The ggplot
package is one of the most powerful and
widely used tool-kits available for visualizing data in R, and it’s easy
to understand why. Its well-crafted grammar of layers, aesthetics,
scales, and facets allows for extraordinary versatility and power but
with remarkable intuitiveness and delightfully tidy code. It is
personally my nearly universal go-to for generating visual expressions
of data; but when plotting drug combination data, it has some
understandable friction points. Consider the following example:
concentrations <- c(0,2^(-3:3))
surface <- data.frame(
concA = rep(rep(concentrations,each=length(concentrations)),each=3),
concB = rep(rep(concentrations,times=length(concentrations)),each=3),
replicate = rep(c(1,2,3),times=(length(concentrations)^2))
)
surface$actual <- evalBraidModel(
surface$concA,
surface$concB,
c(1, 1, 3, 3, 2, 0, 100, 100, 100)
)
surface$measure <- surface$actual + rnorm(nrow(surface),sd=7)
head(surface, 12)
#> concA concB replicate actual measure
#> 1 0 0.000 1 0.0000000 8.5931890
#> 2 0 0.000 2 0.0000000 -5.7543962
#> 3 0 0.000 3 0.0000000 12.9849676
#> 4 0 0.125 1 0.1949318 5.8142327
#> 5 0 0.125 2 0.1949318 -0.5981691
#> 6 0 0.125 3 0.1949318 -11.0448984
#> 7 0 0.250 1 1.5384615 -6.0873534
#> 8 0 0.250 2 1.5384615 4.1486735
#> 9 0 0.250 3 1.5384615 -5.6509026
#> 10 0 0.500 1 11.1111111 21.6085144
#> 11 0 0.500 2 11.1111111 -4.4634188
#> 12 0 0.500 3 11.1111111 1.2742389
This synthetic dataset reflects a a fairly typical combination study layout: both drugs have been tested at a range of serially diluted concentrations, and combined doses have been laid out in a a checkerboard so that every combination of concentration of the first drug (including 0) and the second drug (including 0) has been tested. Furthermore, each combined dose is tested in triplicate. The measured response surface has been simulated using a BRAID response surface model with a synergistic \(\kappa\) value of 2, but any smoothly varying, noisily measured function of two doses would work just as well.

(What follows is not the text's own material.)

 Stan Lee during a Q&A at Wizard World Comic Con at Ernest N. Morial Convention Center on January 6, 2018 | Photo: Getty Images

How might we visualize such a response surface using
ggplot2
? A 3-D plot is right out: ggplot2
has
no standard support for such plots, nor should it, as 3-D plots are
notoriously poor at conveying accurate quantitative information. A more
straightforward approach would be to plot our measured effect as a
function of one concentration, conditioned on the level of the other.
For example:
ggplot(surface,aes(x=concA,y=measure,colour=factor(concB)))+
geom_point()+
stat_summary(geom="line",fun.data=mean_se)+
scale_x_log10()+
labs(x="Drug A",y="Effect",colour="Drug B")
This view is quite effective, and gives a clear sense of how the presence of differing amounts of drug B impact the behavior of drug B. But this plotting approach necessarily differentiates between the two drugs in how they are visualized, and is ineffective at showing the shape of their interaction.

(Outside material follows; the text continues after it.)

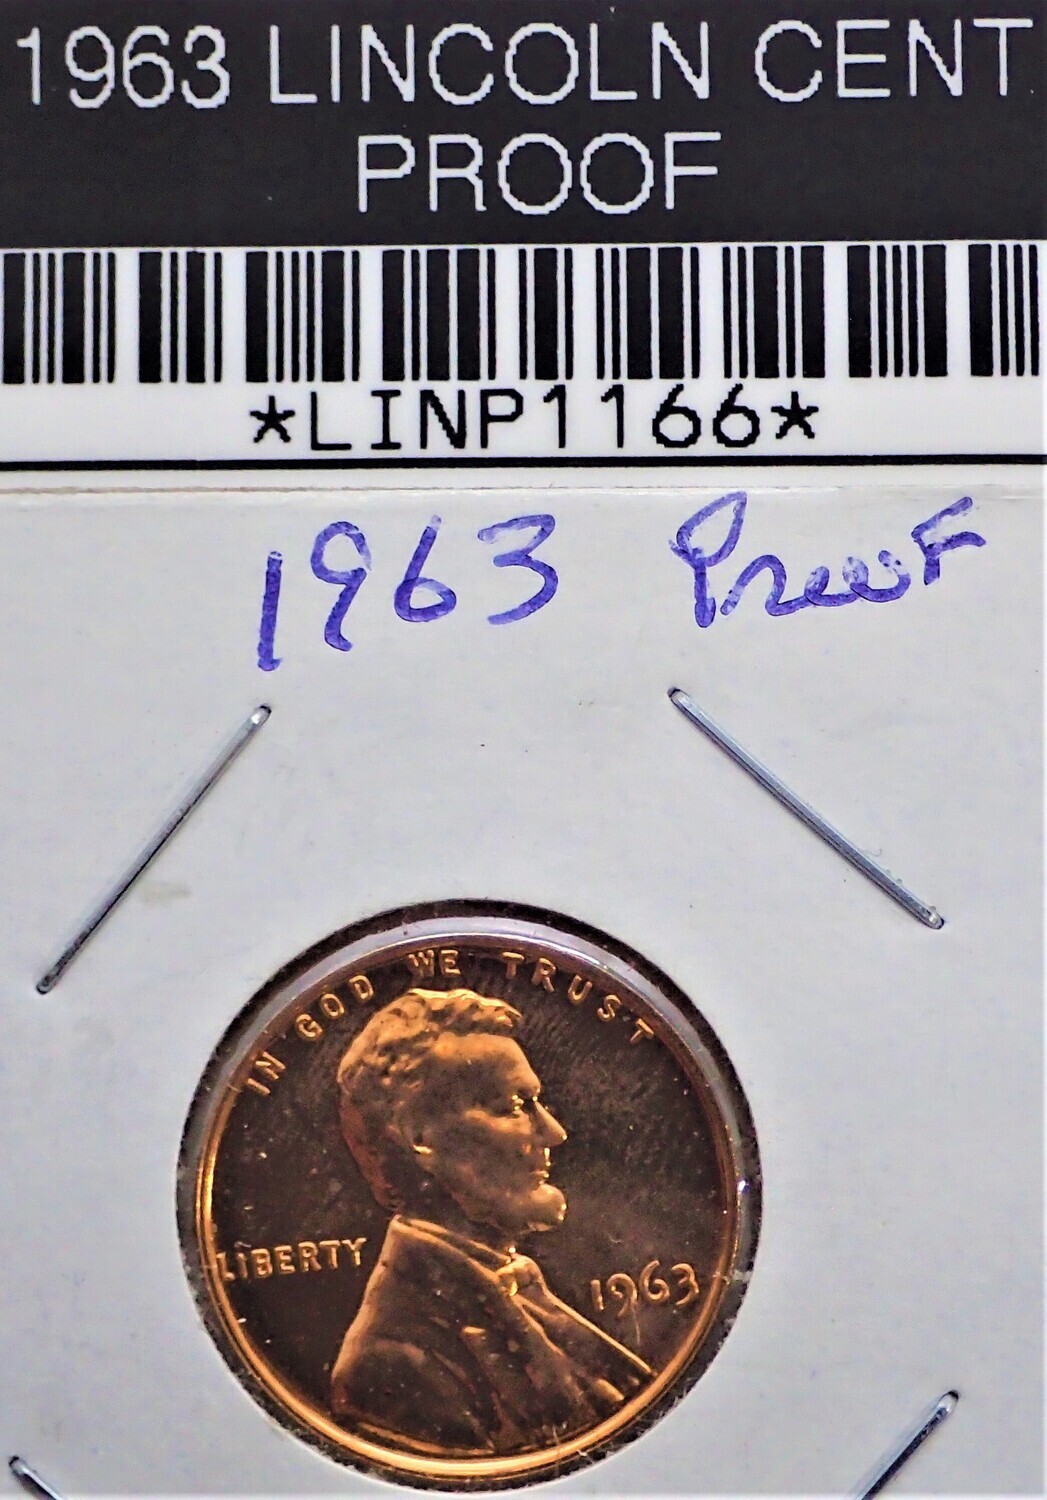 1963 LINCOLN CENT PROOF LINP1166

The most intuitive way to present combination data is with the use of
a response surface heatmap: plot the two doses as the x- and y-
dimensions, and visualize their effect using a suitable color scale.
Unfortunately, our dataset includes multiple measurements for each
combination; were we to plot these using something like
geom_tile()
each replicate would be plotted over the
others, so that only the last replicates were visible.
ggplot2
does contain one way to address this
out-of-the-box, [stat_summary_2d()], but it doesn’t behave exactly as
we’d like:
ggplot(surface, aes(x=concA,y=concB))+
stat_summary_2d(aes(z=measure), fun="mean")+
scale_x_log10()+
scale_y_log10()+
scale_fill_distiller(palette="RdYlBu")+
coord_equal()+
labs(x="Drug A",y="Drug B",fill="Effect")

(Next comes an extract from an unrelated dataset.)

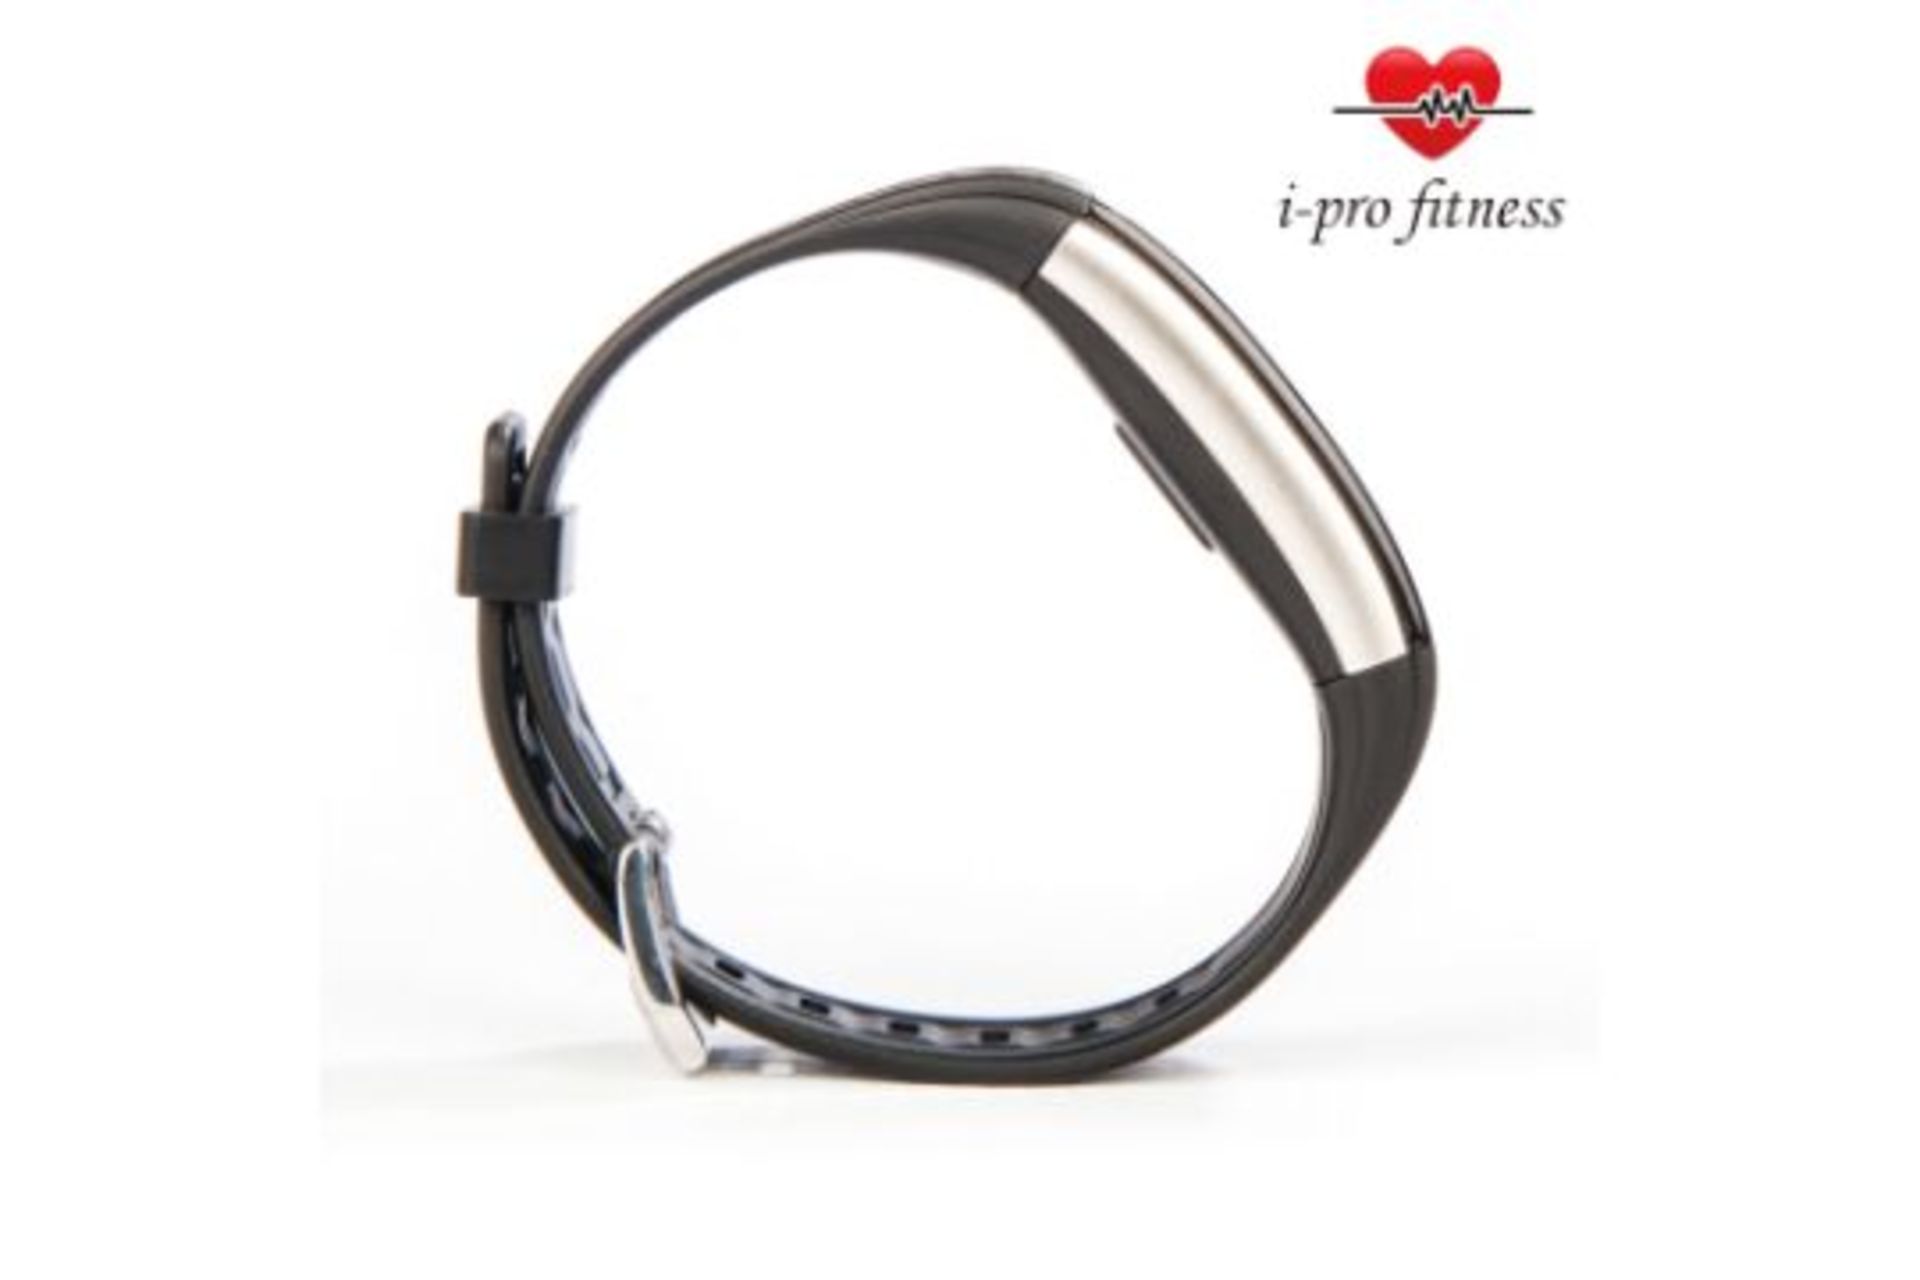 I-Pro S2 Waterproof Fitness Tracker With Heart Rate Monitor - Image 2 of 7

Not only are our evenly spaced concentrations pairs reduced to
awkwardly rounded mini-tiles, all measurements where either drug is zero
have been removed from the plot altogether. This is an intrinsic
property of nearly all ggplot2
stats and geoms: if a
transformed coordinate is infinite, it is removed from the plot. Yet
plotting serially diluted concentrations on a logarithmic scale is
incredibly intuitive, making comparison of non-zero concentrations and
zero concentrations frustratingly difficult. It is for these reasons
that we developed geom_braid()
:
ggplot(surface,aes(x=concA,y=concB))+
geom_braid(aes(fill=measure))+
scale_x_log10()+
scale_y_log10()+
scale_fill_distiller(palette="RdYlBu")+
coord_equal()+
labs(x="Drug A",y="Drug B",fill="Effect")
Like many ggplot2
extensions, geom_braid()
is in reality a Stat
, performing some useful preprocessing
of the data before passing it off to the true geom,
geom_tile()
. Duplicate concentration pairs are identified,
and averaged to give the aggregate value at each unique pair. Widths
between doses pairs are guessed or provided. Coordinates which, after
being transformed, would be infinite are instead offset from the main
body of measurements, ensuring they will be plotted along with the data.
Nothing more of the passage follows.